The script was designed to exit after one hour, and the docs call for cron running at last once an hour. The reason for this is so the script dies just as cron runs and starts the new one. For me the script was dying a few seconds too late for the half-hourly cron I had, so it was quitting for half an hour.
I don't think there should be any issue with a daemon running from CLI that sleeps until there's work to do. It's possible the efficiency could be raised even more by switching from a poll loop to a UNIX socket with socket_select() blocking the loop until something is prodded to its socket to tell it to poll. This may have ramifications for the datasync scheduler though, which I believe relies on the post hook running every few seconds.
It'd be nice if the daemon could just run continuously without the hourly exit, but because Drupal isn't designed for long execution time, it tends to eat up memory with static caches until it shuts down. That (I believe) is why it does this teardown-restart cycle.

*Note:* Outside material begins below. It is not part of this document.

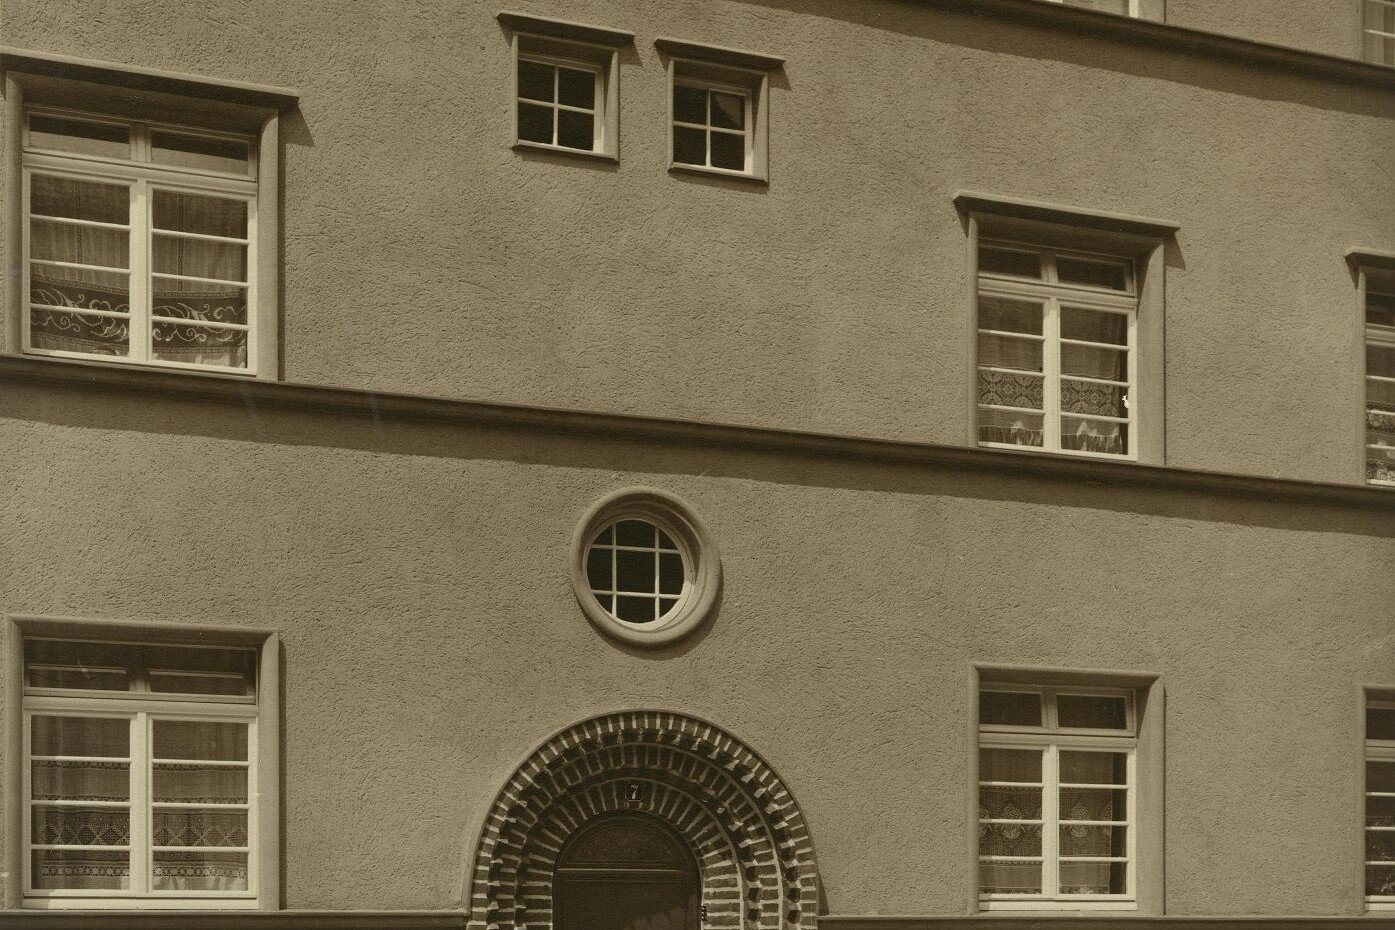 Historisches Foto von den rundbogenförmigen Türen in der Germaniasiedlung in Höhenberg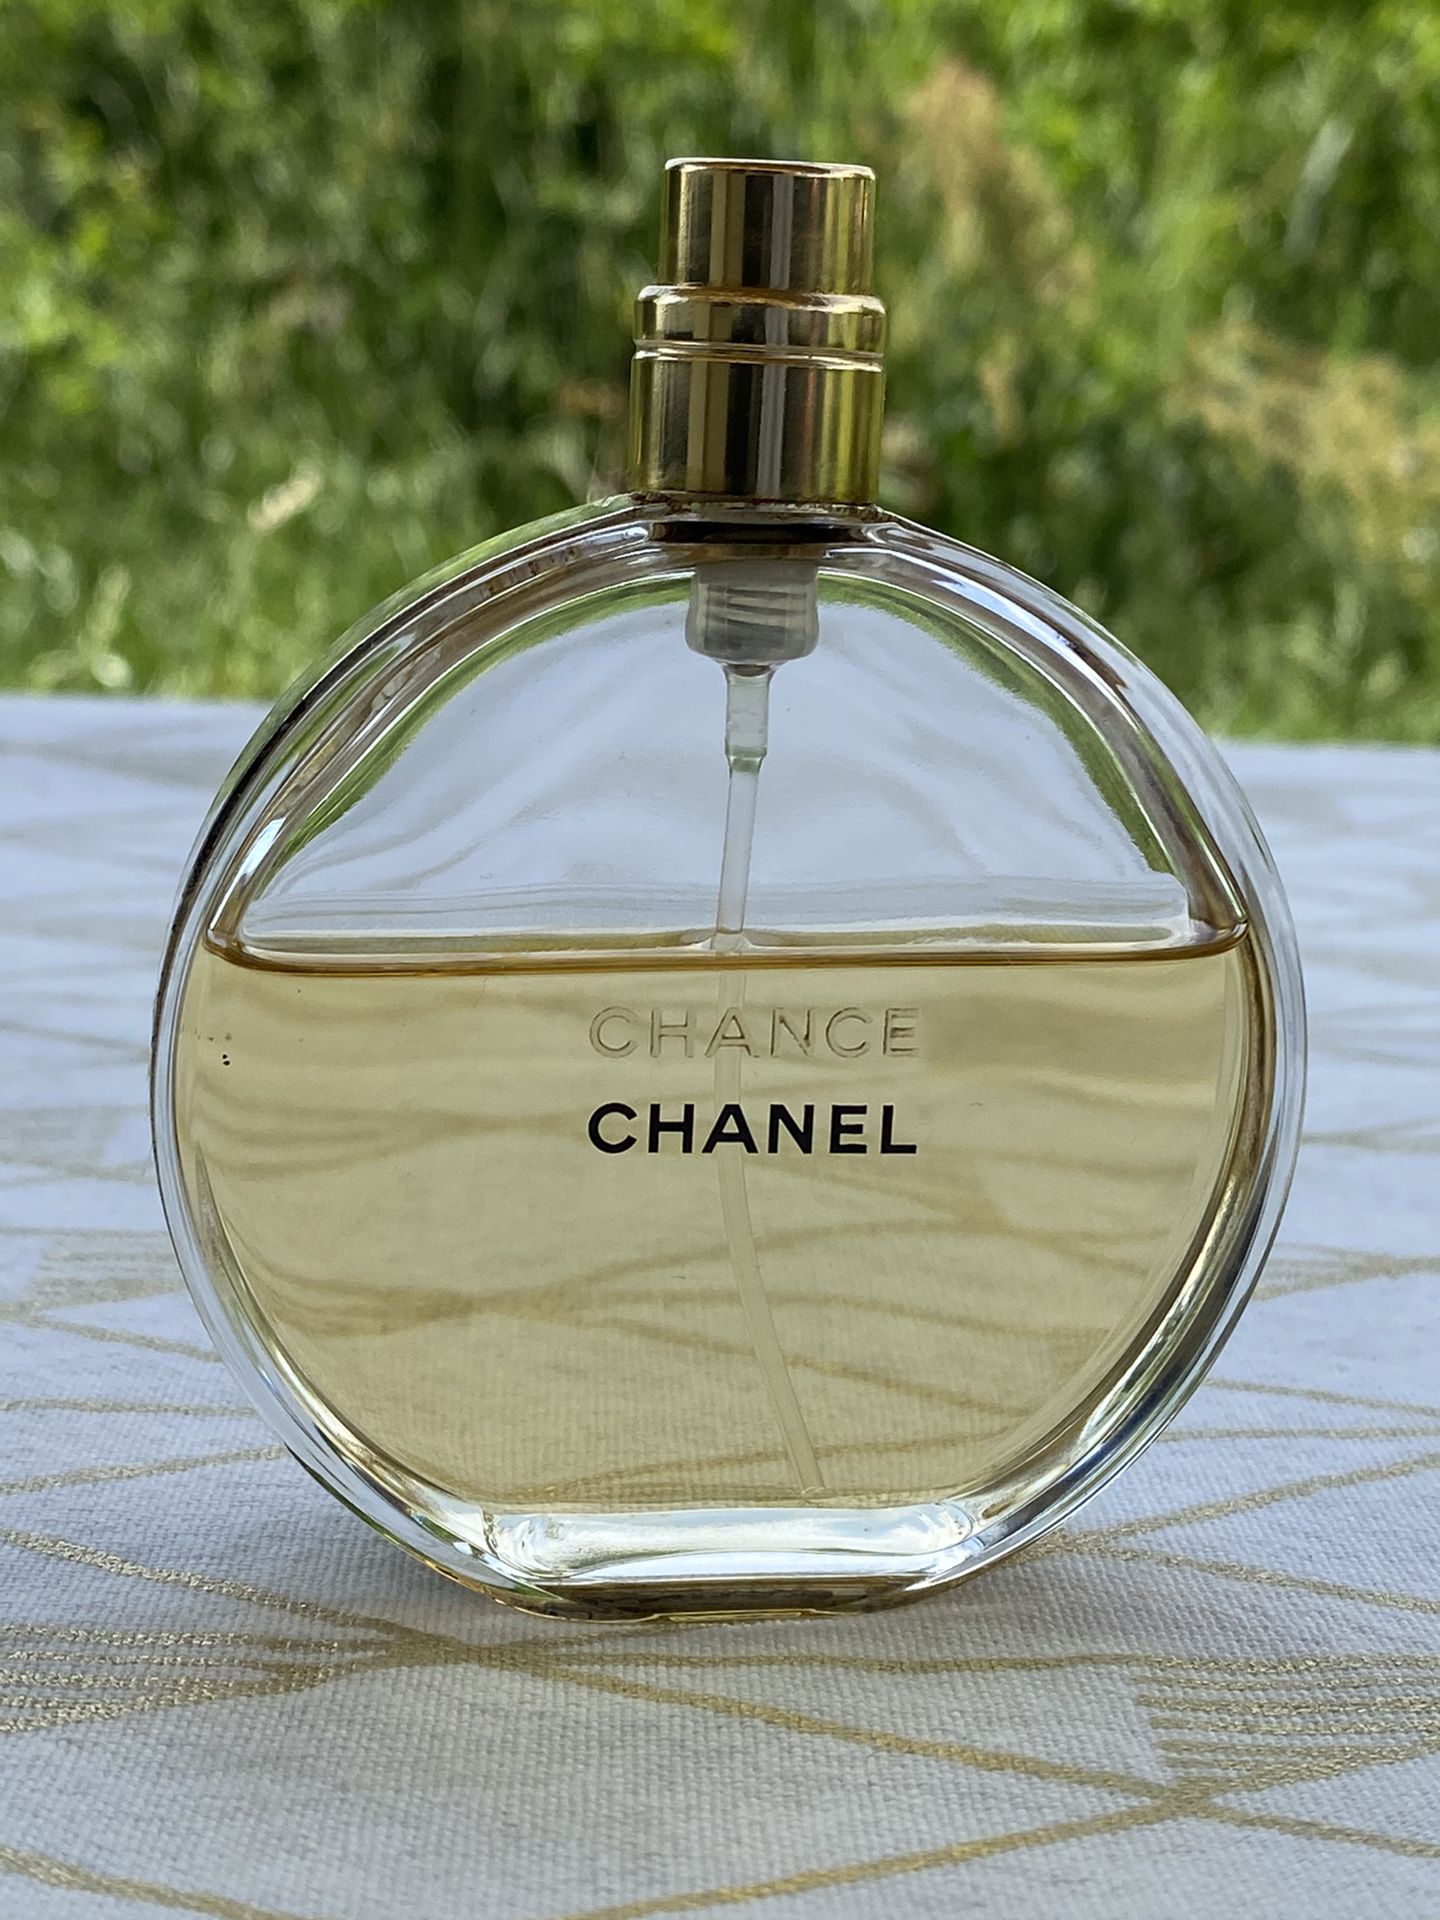 Chanel CHANCE Eau de Parfum Spray, 1.7-oz

One issue with the respawning daemon though is that if the module is disabled, it's possible the daemon will continue to run indefinitely. It would probably be a good idea to put a check in the top of the script somewhere that makes sure the datasync module is still enabled?
Comment #8
pounardI'd prefer to make it run with system cron at regular interval (like Drupal cron) rather than have it running as a respawning deamon. But the respawning stuff is good as a fallback system when errors happens when long job are running.
Off-topic note: The problem with Drupal eating memory is when you run really massive jobs. I noted some problems, there is a really annoying memory leak in node_delete() but there isn't in node_save() (I did saved and updated 300,000 nodes without any memory limit problem, but node_delete() breaks after 2,000 nodes deleted with a memory limit of 256mo).
Comment #9
andrewlevine commentedPierre,
Why would you prefer to run with cron? I don't see the drawback. With this patch, the daemon is still spawned at cron, exactly how it is now. The only difference is that the daemon respawns another daemon right before it is about to exit. This means if you run cron.php every hour, 30 mins, 1min, that datasync won't be down needlessly waiting for cron to restart the daemon.
Comment #10
pounardYes, I aggree. I think it depends on one's need, I see two differents use cases:
I didn't mean to say this patch is bad, I would rather say it should be an optional feature.
Comment #11
andrewlevine commentedPierre,
DataSync runs as a daemon now without this patch. It would only change the method the daemon is kept alive. In your setup, do you let datasync die after an hour and then only turn it on with cron when you want to run it?
I don't mean to argue, I just want to understand your use-case to determine whether this makes sense to include for everyone. At the moment, I don't see why adding this feature would negatively affect any use-case.
Andrew
Comment #12
pounardOh you made a good point; I misunderstood this part of DataSync running part. You juste clarified it to me. I though DataSync were only living as long has it have jobs runnings.
So my comments are off topic then, forget it.
Comment #13
andrewlevine commentedPierre, I appreciate you taking a look at this and questioning it :). I will try to get this patch in shortly and then release a beta
Comment #14
pounardHehe, again, sorry for the misunderstanding :) At least I understood this part of DataSync (on which I didn't get interested before).
Comment #15
andrewlevine commentedcommitted. I modified the patch a little but the idea is the same. I've attached the patch in case anyone needs it. Thanks neilnz and pounard.